■ EXERCISE AIM ■
The listing that follows should be copied in full and exactly, with no pictures.

■ STORED DATA ■
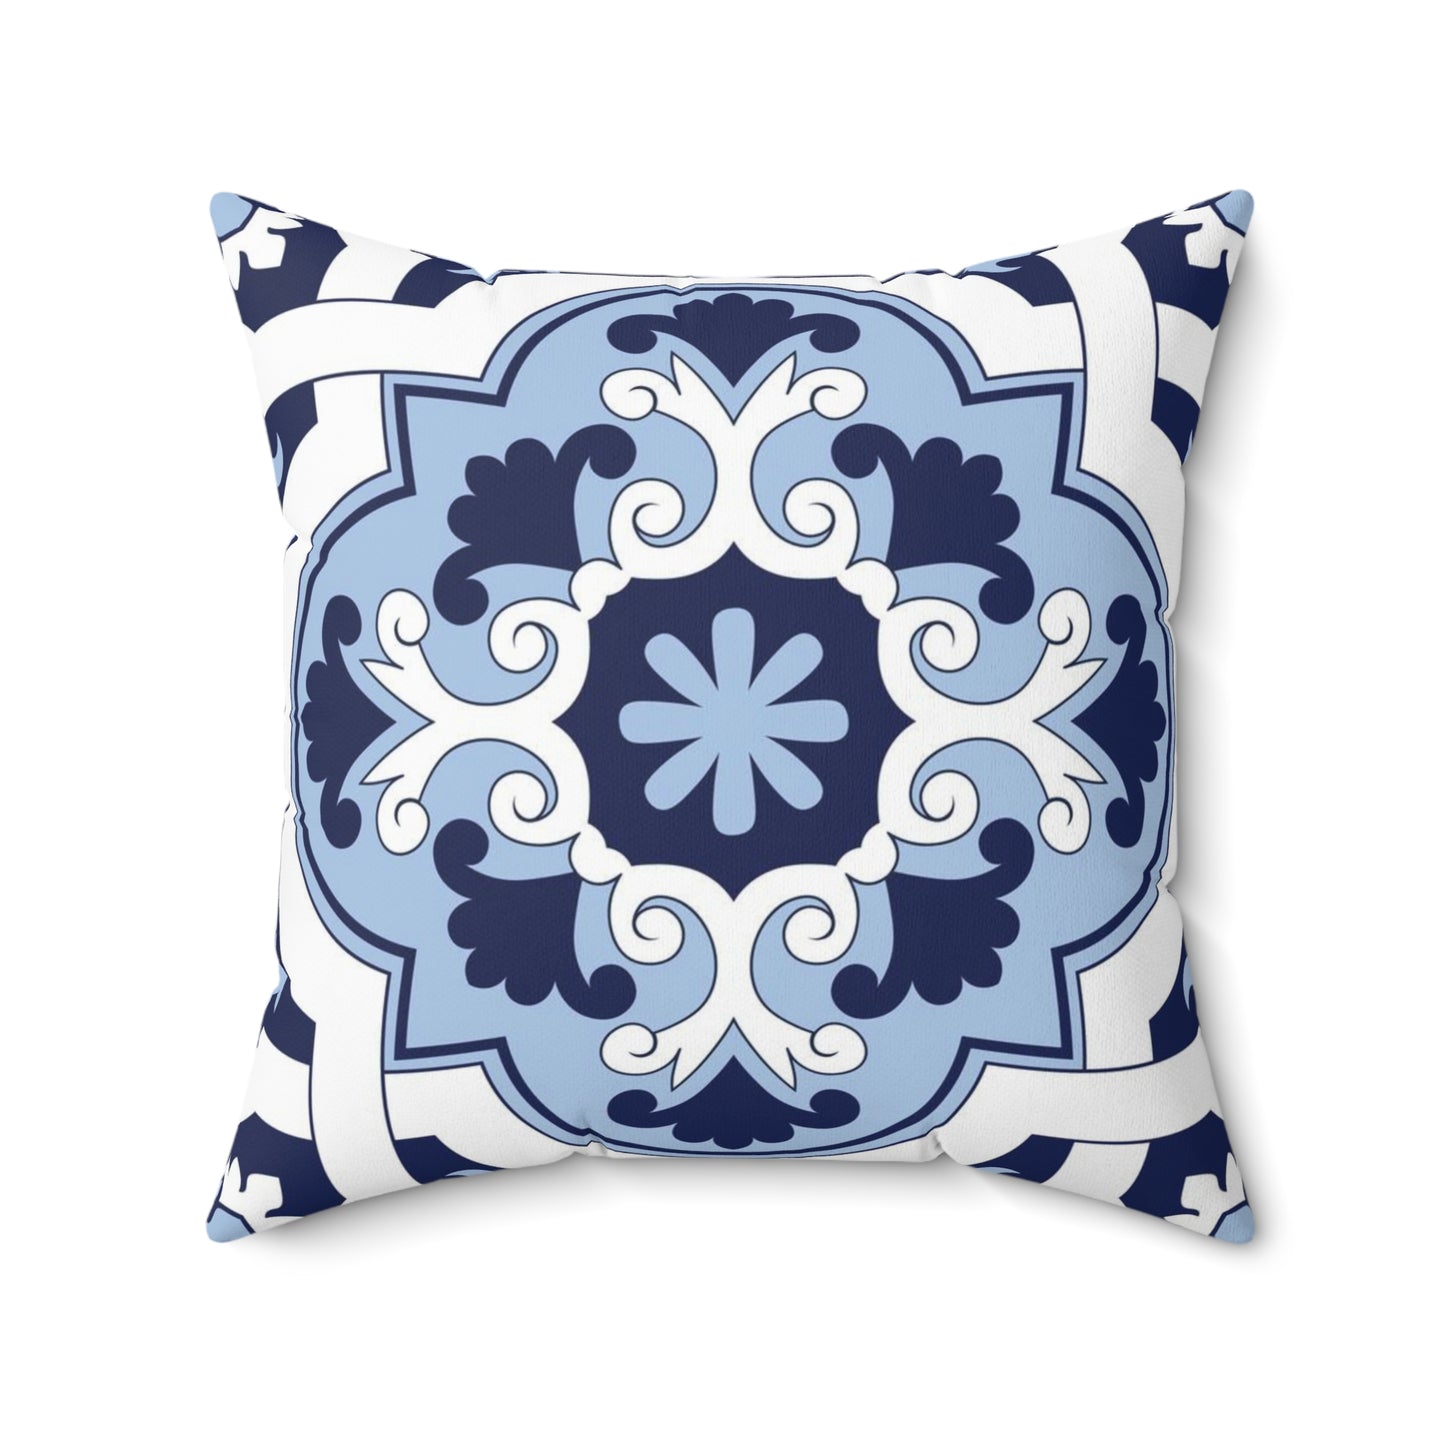 Greek Islands Shades of Blue Decorative Pillow Cover
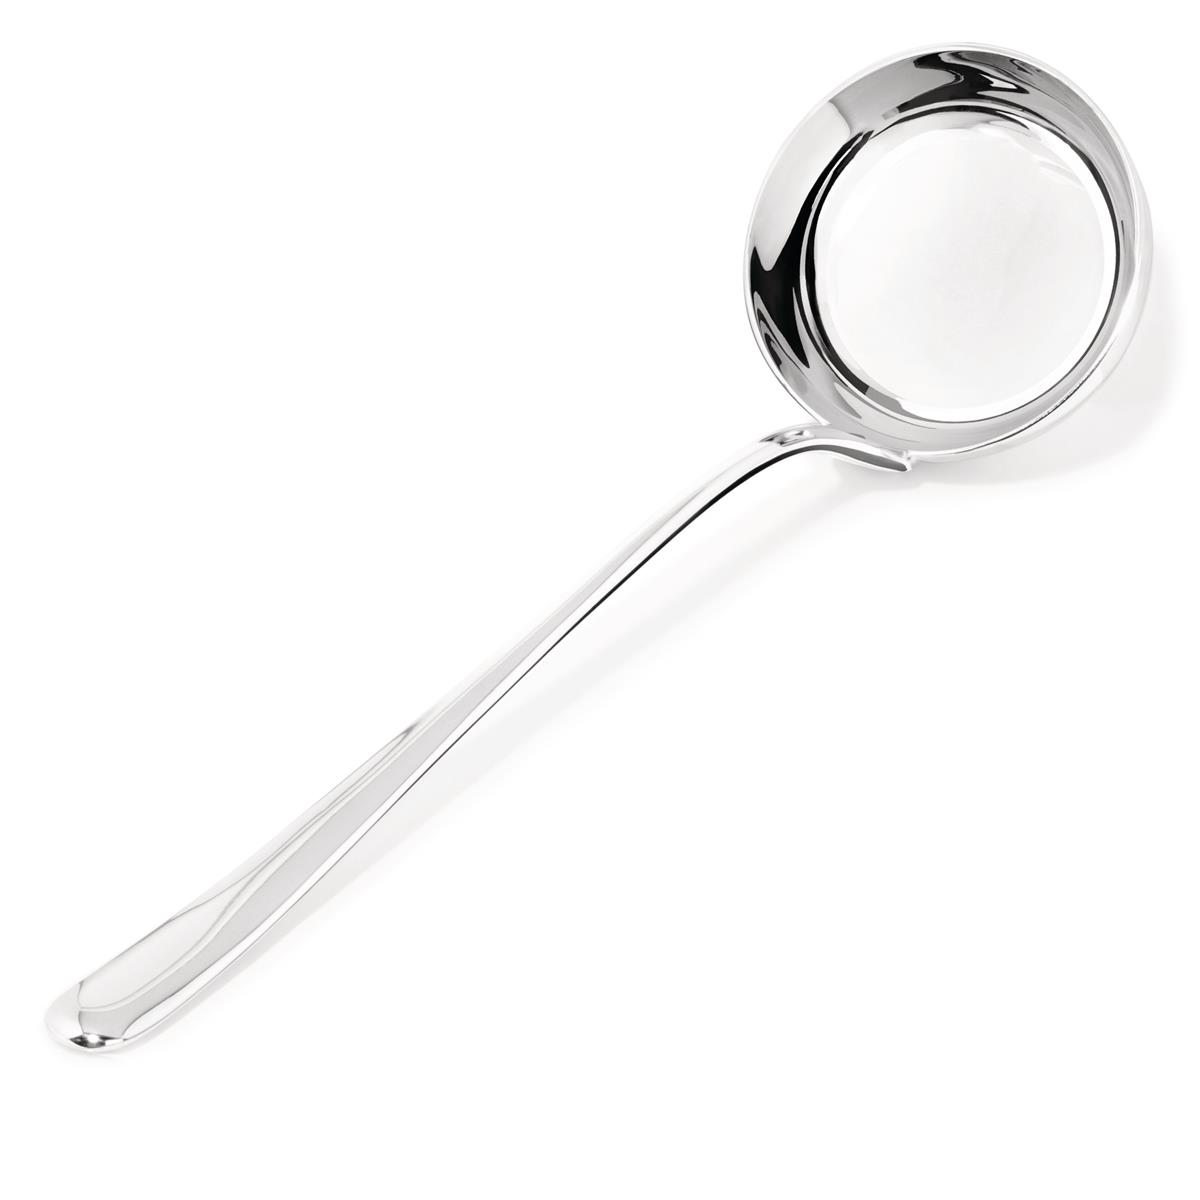 Alessi-Kalistò 1 Jar in 18/10 stainless steel with aluminum knob
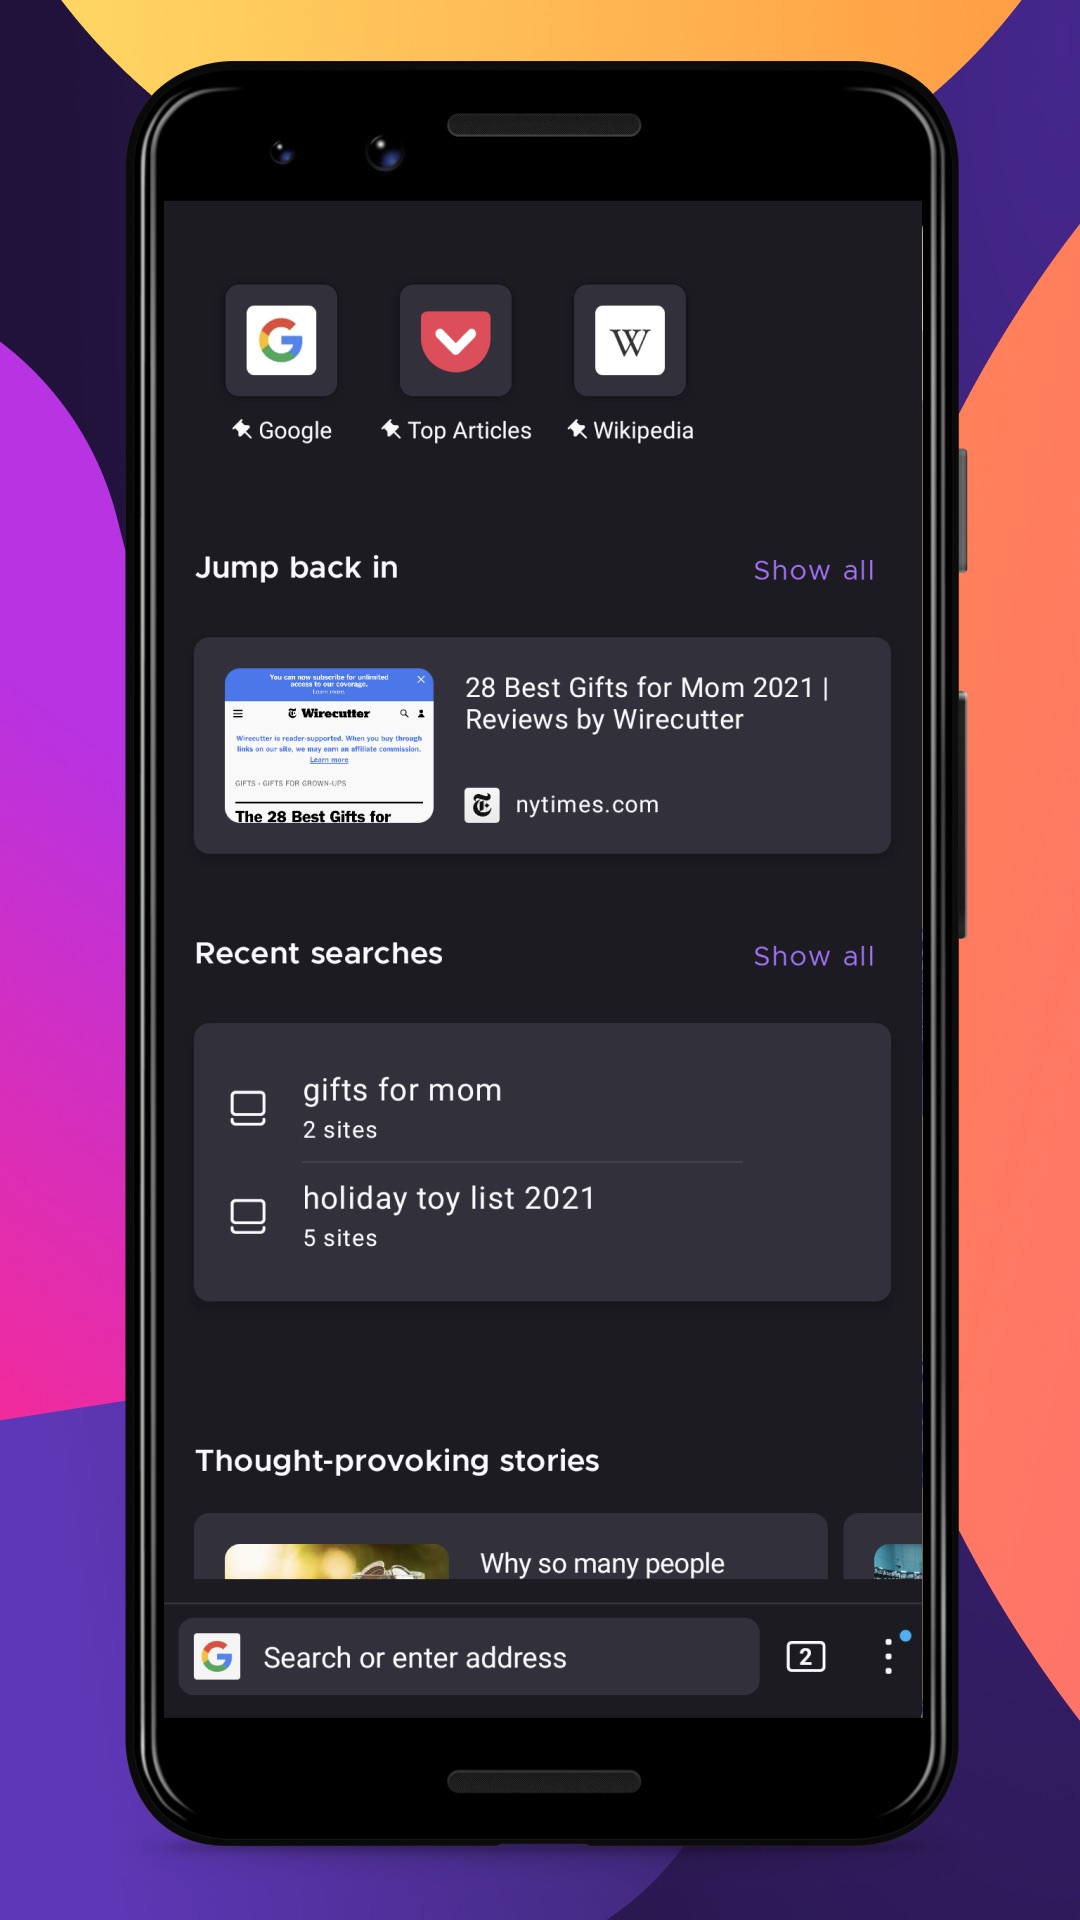 Mozilla Announces New Firefox Homepage for iOS and Android

■ PROBLEM SOLUTION ■
 Greek Islands Shades of Blue Decorative Pillow Cover
 Alessi-Kalistò 1 Jar in 18/10 stainless steel with aluminum knob
 Mozilla Announces New Firefox Homepage for iOS and Android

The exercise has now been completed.